France asks US to help identify person who gave Paris gunman orders

PARIS (AFP) - French authorities have asked their US counterparts to help identify a person who appears to have given orders to one of the militant gunmen during the Paris attacks that left 17 dead, a source said Tuesday.

The mystery person contacted Amedy Coulibaly - who shot dead a policewoman and killed four shoppers in a Jewish supermarket - by e-mail a day after his accomplices Said and Cherif Kouachi gunned down 12 people in January at Charlie Hebdo magazine, the source said.

"If possible find and work with good dudes," the person tells Coulibaly in a message delivered on Jan 8.

"No friends possible, work alone, preference for the first thing planned.

"Go to the easiest and most secure and biggest number to start again several times," the person says, pointing to the possibility of acting in "suburbs if problem in centre."

The e-mailer then provides Coulibaly with the steps to take to use a new email address created just hours before, that belongs to a messaging service managed by a company based in Pennsylvania in the United States, said the source close to the case, who refused to be named.

French investigators notified US authorities on Jan 29, and in June asked them to give them any information they have on the account.

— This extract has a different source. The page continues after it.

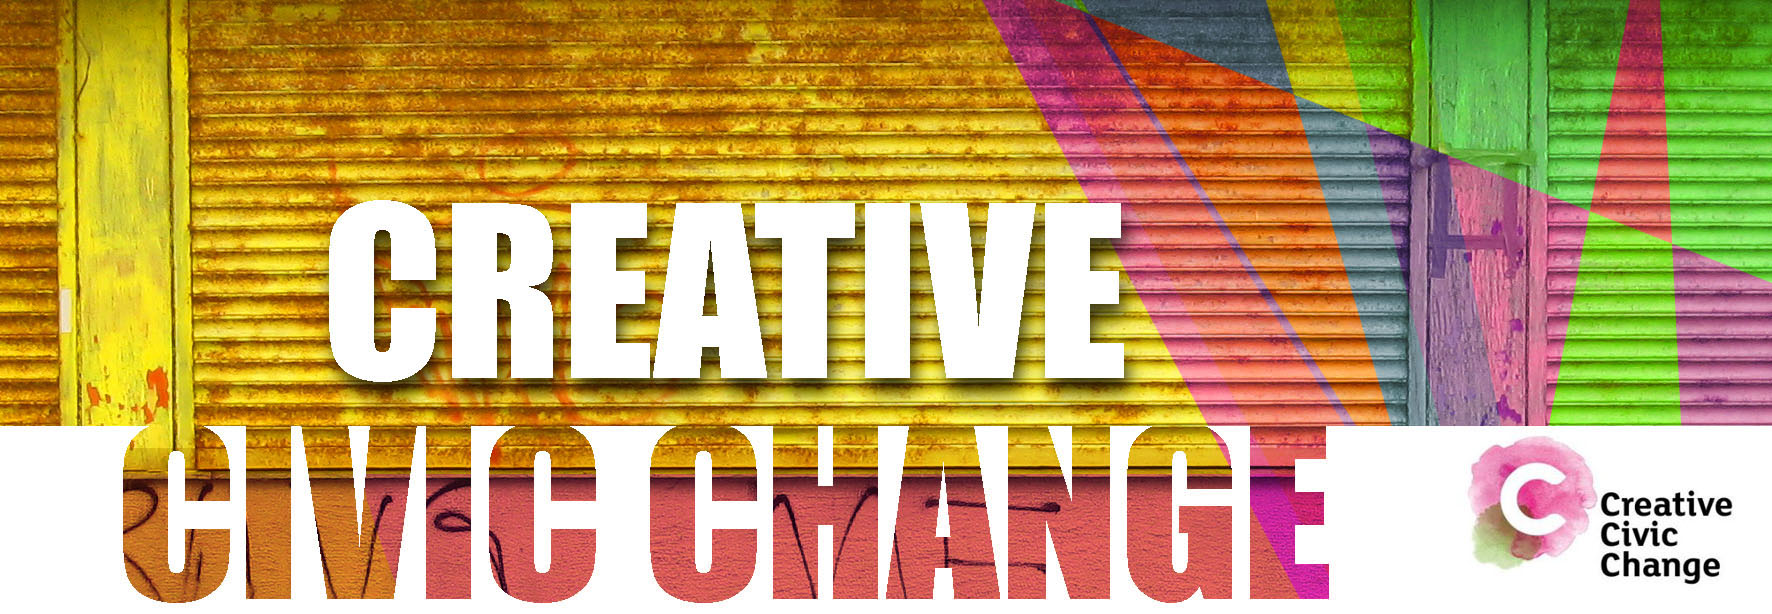 Creative Civic Change banner

The e-mail exchanges were discovered on Coulibaly's laptop on Jan 9 at the Jewish supermarket, after he was gunned down by security forces.

The gunman and the mystery messager both had the access codes for the same mailbox, which meant they never sent e-mails but put them in the drafts section for the other person to check, before deleting them.

French authorities has been on high alert since the militant attacks.

The country has been named as a priority target by Islamic State in Iraq and Syria (ISIS) militants and several other attacks have been foiled since January.